At present, pcc (policy control and charging) in a mobile communication network can realize control within a constraint condition range for users and services, and by combining with an rcaf (radio control architecture) network element preliminarily proposed in the existing 3GPP protocol, scheduling and allocation of user bearer bandwidth resources can be realized, thereby alleviating network congestion. However, the scheme cannot combine the service types used by the users and dynamically perform the resource scheduling function according to the importance degree of the service types, so that the precise operation and maintenance management effect is difficult to achieve.
Disclosure of Invention
In order to solve one or more of the above problems, the present application provides a network resource scheduling method, including: receiving request information from a Service Provider (SP), the request for managing one or more users using services provided by the service provider; sending an inquiry request to a packet data network gateway (PGW), wherein the inquiry request is used for inquiring the service types of all users in the PGW; receiving a feedback message from the PGW, wherein the feedback message includes service types of all users in the PGW; managing the one or more users based on the feedback message.
According to another aspect of the present invention, there is provided a network resource scheduling method, wherein the request is for QoS service evaluation or special charging indication.
According to another aspect of the present invention, a network resource scheduling method is provided, wherein the management includes marking a special backward payment mark for user access traffic charges, improving QoS capability of the user to access the service, page redirection of access, refusing the user to use the service, short message reminding or mail notification.
According to another aspect of the present invention, a method for scheduling network resources is provided, which further includes: the management is based on a set of predefined rules including a preference for managing users with a higher user class or users with a higher class of traffic type.
According to another aspect of the present invention, a network resource scheduling method is provided, including: receiving information of a congested cell; acquiring information of users in the congested cell; querying a traffic type of the user from a packet data network gateway (PGW); passing information to a Policy and Charging Rules Function (PCRF) network element to schedule network resources for the user, the information including information of the user and traffic type information of the user.
According to another aspect of the present invention, a method for scheduling network resources is provided, which further includes: transmitting a set of predefined rules or policies to a PCRF network element, or the PCRF network element scheduling resources for the user according to storing its own predefined rules or policies.

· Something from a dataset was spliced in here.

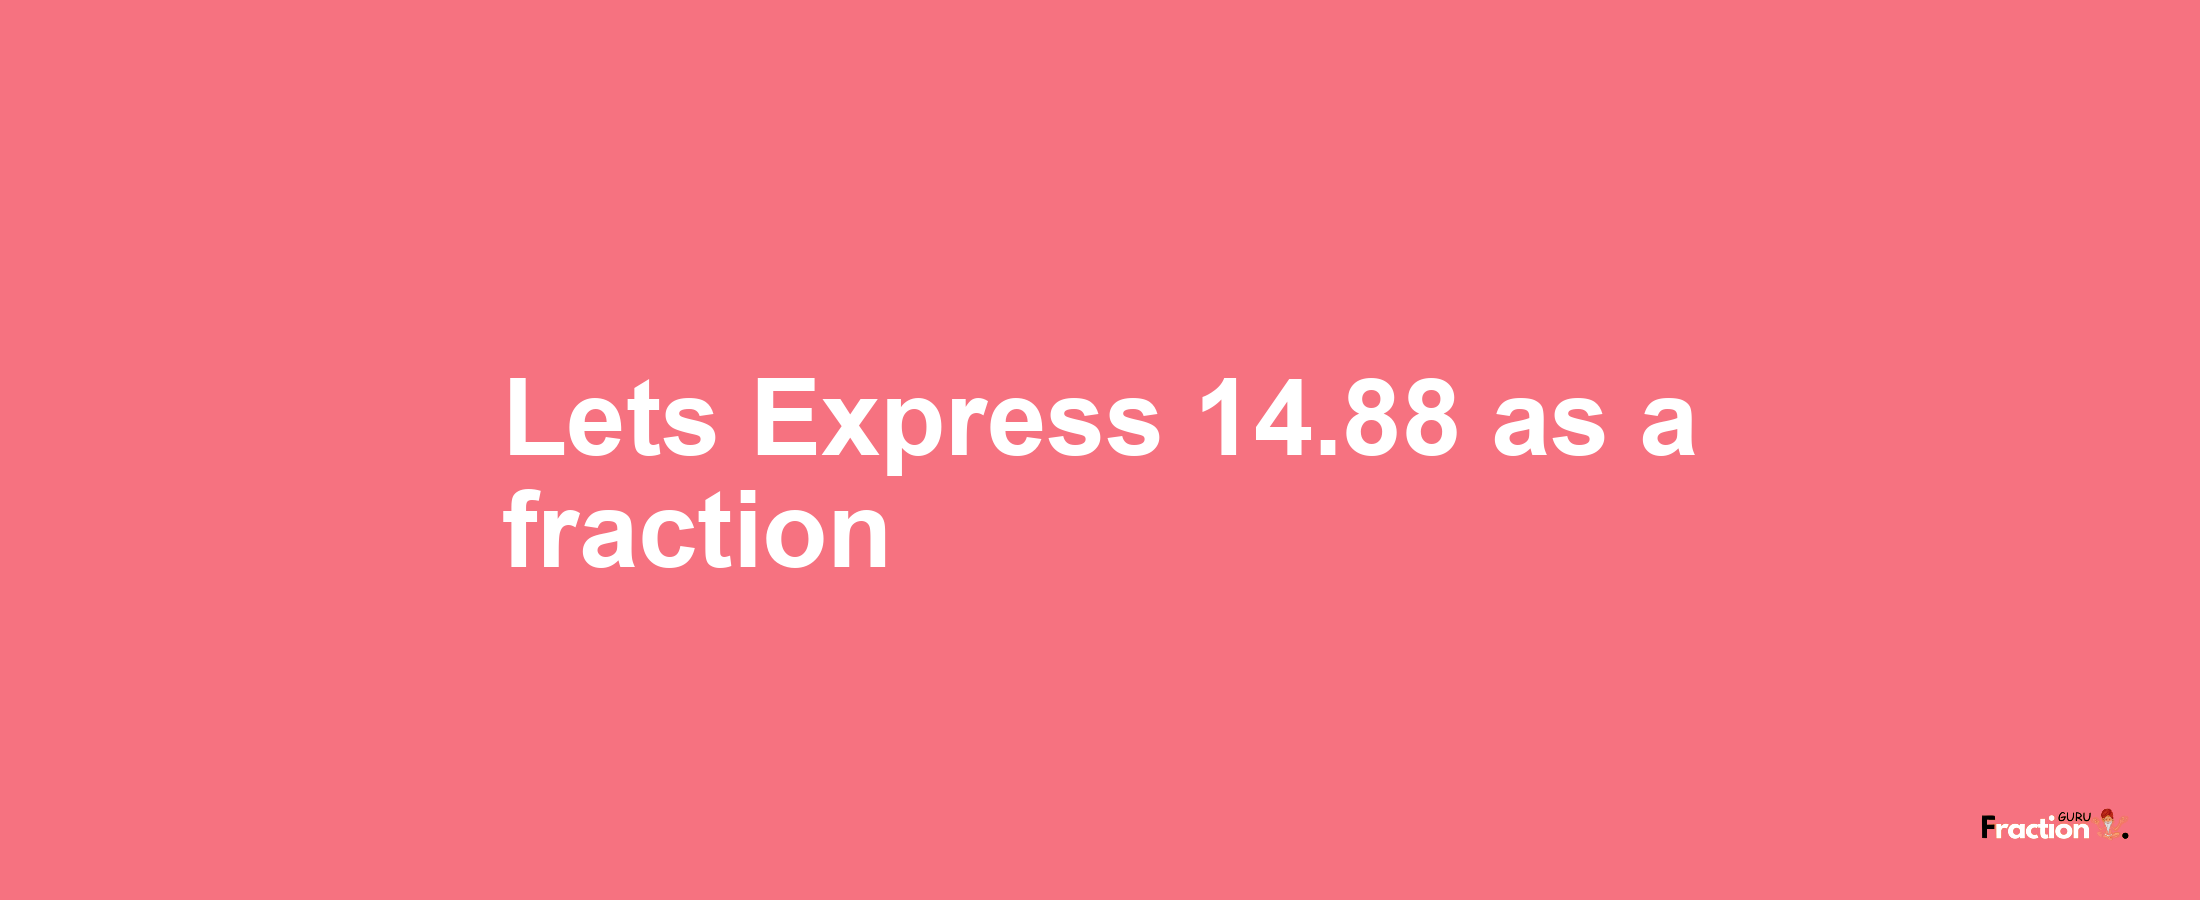 Lets Express 14.88 as afraction

According to another aspect of the present invention, a network resource scheduling method is provided, where the method further includes negotiating with the packet data network gateway (PGW), so that the packet data network gateway (PGW) marks a new charging type (RG) and a Security Identifier (SID) in a charging ticket of the user.
According to another aspect of the present invention, there is provided an intelligent control center, comprising: a first interface for receiving request information from a Service Provider (SP), the request for managing one or more users using services provided by the service provider; a service query module, configured to send a query request to a packet data network gateway (PGW), where the query request is used to query a service type of a user in the PGW; a second interface, configured to receive service type information of the user from the PGW; and the service processing module is used for managing the user according to the service type message.
According to another aspect of the present invention, there is provided an intelligent control center, comprising: a first interface for receiving information of a congested cell; a second interface, configured to obtain information of a user in the congested cell; a service query module, configured to query a service type of the user from a packet data network gateway (PGW); a sending module to communicate information to a Policy and Charging Rules Function (PCRF) network element to schedule network resources for the user, the information including information of the user and traffic type information of the user.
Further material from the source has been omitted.